Appellant filed a motion for new trial, which was continued to the June term. On June 24, 1904, the motion for new trial was overruled, and the defendant by his attorney excepted thereto, and thereupon judgment was entered on June 24, 1904, as above stated, to which judgment appellant then and there excepted, and prayed an appeal to this court, which was allowed upon the filing of a bond of $500.00 and bill of exceptions within sixty days from June 24, 1904, the bond to be approved by the clerk. The defendant also made a motion to arrest the judgment and declare the verdict void, which motion was also overruled by the court, to the overruling of which the appellant by his attorneys then and there excepted.

*569Among the written reasons, filed by appellant in support of his motion for new trial besides those to the effect that the court admitted improper and refused to admit proper evidence and gave improper and refused to give proper instructions, were the following: “5. The verdict is contrary to the law and the evidence in the case; 6. The jury in this case was not properly selected to try the issues in this cause; 7. The petition filed in this cause is not sufficient to sustain a judgment condemning private property for public use; 8. No petition has been filed in this cause asking to condemn the lands of this defendant.” Among the written reasons filed by the appellant in favor of his motion to arrest the judgment, besides those relating to the admission of improper and the refusal of proper evidence and the refusal of certain instructions, the following reasons were set up: “4. That the court erred in overruling the motion by the defendant for a new trial herein; 5. That there was no proper petition filed in said cause to condemn the land of this defendant; 6". That there was no petition to condemn the land of this defendant as required by law; 7. That the jury in this cause was not chosen in accordance with law.” The bond and bill of exceptions were filed within the time required by the order of court, and the bond was approved within such time.

In the bill of exceptions immediately after the judgment of June 24, 1904, is the following statement or recital:

“And the court refuses to either overrule or sustain the objections of the defendant herein filed, but rules that the calling of the jury herein disposed of all the objections filed herein, and that, after the verdict of the jury, the assessment of the commissioners was of no effect, but that a new assessment was made by the jury, and they were held to have made the assessment de novo; to which defendant excepts.”

Brown, Burnside & Bullington, for appellant.

John H. Webb, and James M. Taylor, for appellee.

*570Mr.

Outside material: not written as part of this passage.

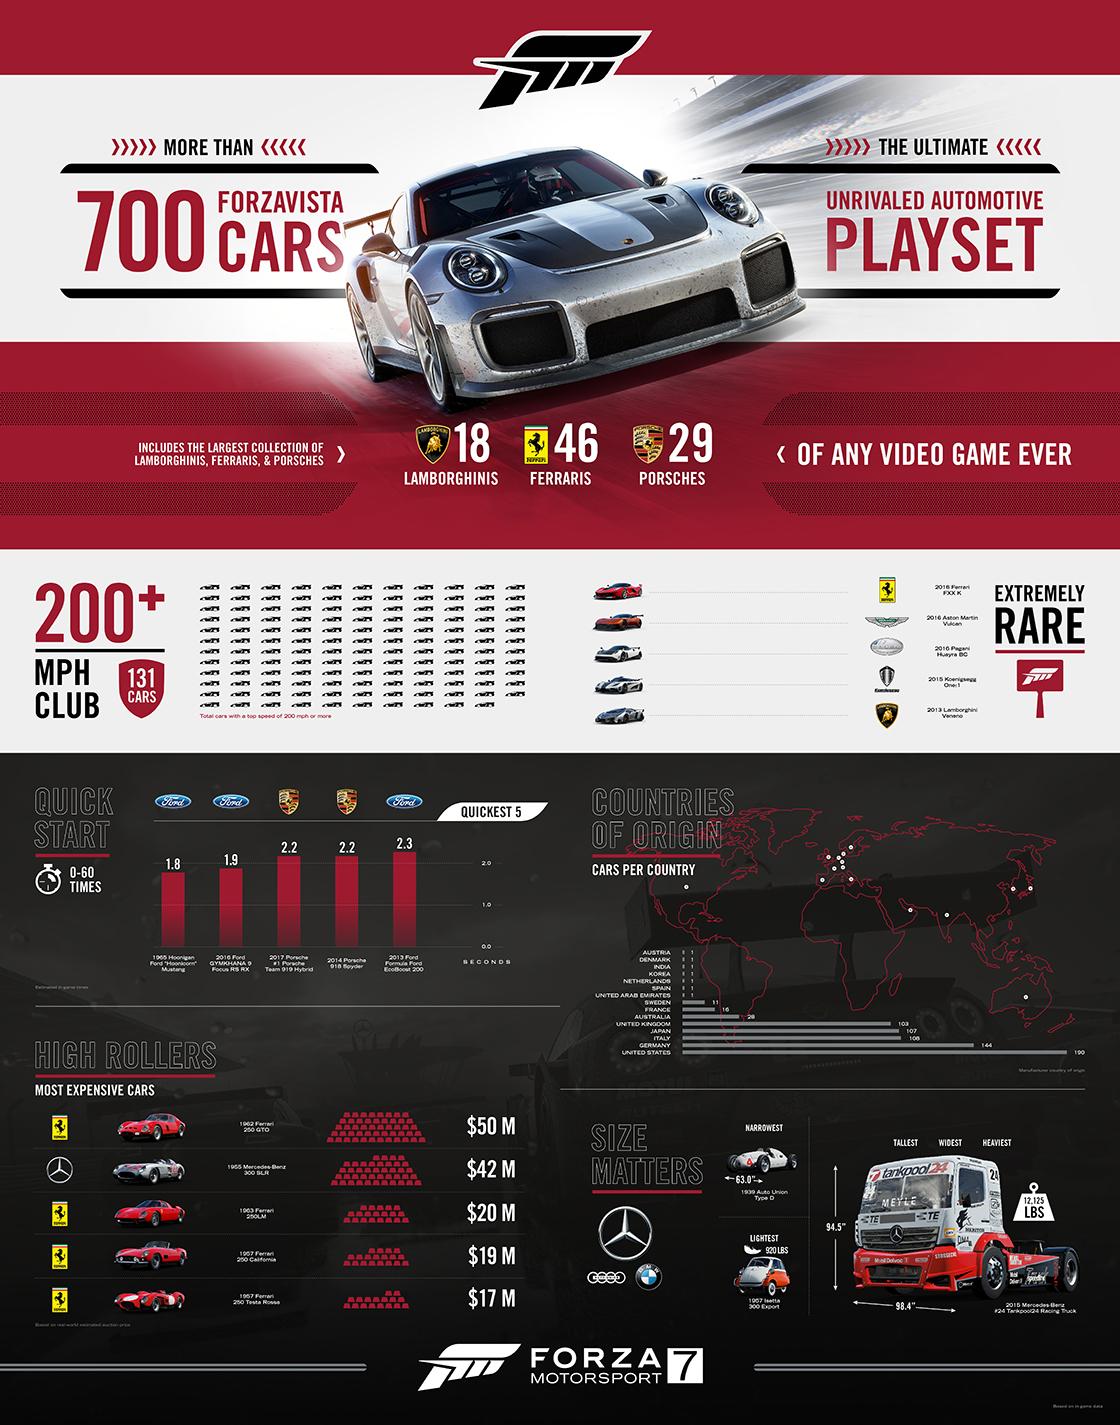 Fahrzeuge Infografik - Forza Motorsport 7

Justice Magruder

delivered the opinion of the court:

This is a proceeding for the organization of a levee and drainage district under the act of May 29, 1879, as amended in 1885, and entitled “An act to provide for the construction, reparation and protection of drains, ditches and levees across the lands of others, for agricultural, sanitary and mining purposes, and to provide for the organization of drainage districts.” (2 Starr & Curt. Ann. Stat.—2d ed.—p. 1500).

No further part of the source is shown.